Our medical policies are designed for informational purposes only and are not an authorization, or an explanation of benefits, or a contract. Receipt of benefits is subject to satisfaction of all terms and conditions of the coverage. Medical technology is constantly changing, and we reserve the right to review and update our policies periodically.


Mutations in the NOTCH3 gene have been causally associated with CADASIL (cerebral autosomal dominant arteriopathy with subcortical infarcts and leukoencephalopathy). Genetic testing is available to determine if pathogenic mutations exist in the NOTCH3 gene for patients with suspected CADASIL and their family members.

Cerebral autosomal dominant arteriopathy with subcortical infarcts and leukoencephalopathy (CADASIL) is an uncommon, autosomal dominant disease. It is the most common cause of hereditary stroke and hereditary vascular dementia in adults. The CADASIL syndrome is an adult-onset, disabling systemic condition, characterized by migraine with aura, recurrent lacunar strokes, progressive cognitive impairment, and psychiatric disorders. The overall prevalence of the disease is unknown in the general population.

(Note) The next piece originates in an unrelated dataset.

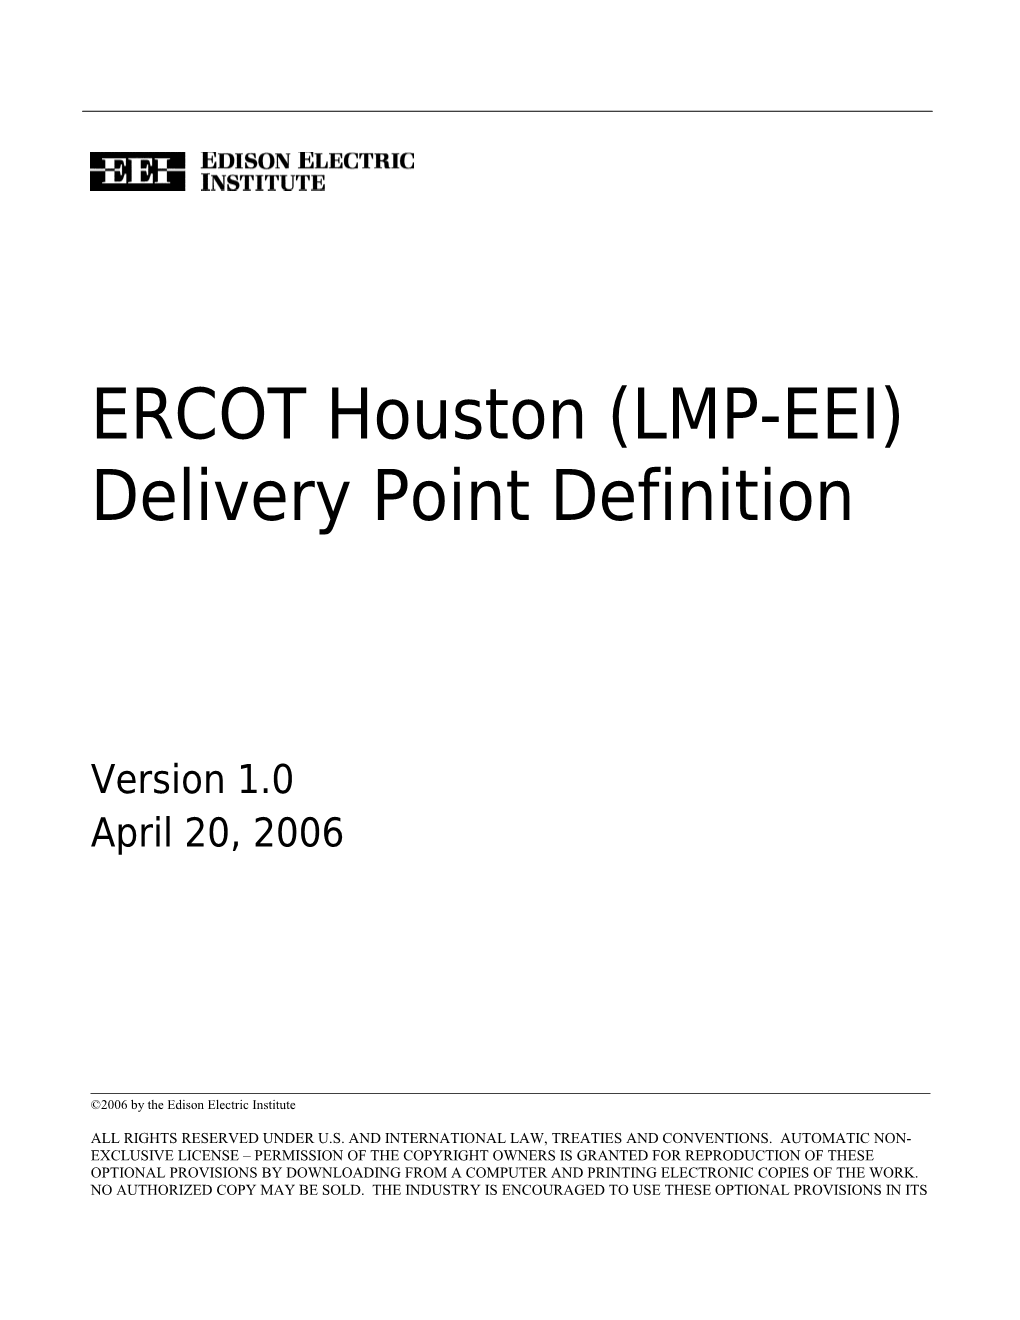 ERCOT Houston (LMP-EEI) Delivery Point Definition, Version 1.0, 4/20/061

The clinical presentation of CADASIL is variable, and may be confused with multiple sclerosis, Alzheimer dementia, and Binswanger disease. The specific clinical signs and symptoms, along with family history and brain magnetic resonance imaging (MRI) findings, are extremely important in determining the diagnosis of CADASIL. When the differential diagnosis includes CADASIL, various other tests are available for diagnosis:

  • Immunohistochemistry assay of a skin biopsy sample, using a monoclonal antibody with reactivity against the extracellular domain of the NOTCH3 receptor. Positive immunostaining reveals the accumulation of NOTCH3 protein in the walls of small blood vessels. (1) Lesnick Oberstein et al. (2003) estimated sensitivity and specificity at 85-90% and 95-100%, respectively, for 2 observers of the test results in a population of patients and controls correlated with clinical, genetic and MRI parameters. (2)
  • Detection of granular osmiophilic material (GOM) in the same skin biopsy sample by electron microscopy. The major component of GOM is the ectodomain of the NOTCH3 gene product. (3) GOM accumulates directly in vascular smooth muscle cells and, when present, is considered a hallmark of the disease. (4) However, GOM may not be present in all biopsy samples. Sensitivity has been reported as low as 45% and 57%, but specificity is generally near or at 100%. (5-7)
  • Genetic testing, by direct sequencing of selected exons or of exons 2-24 of the NOTCH3 gene (see Rationale).
  • Examination of brain tissue for the presence of GOM. GOM was originally described as limited to brain vessels. (8) Examination of brain biopsy or autopsy after death was an early gold standard for diagnosis. In some cases, peripheral staining for GOM has been absent even though positive results were seen in brain vessels.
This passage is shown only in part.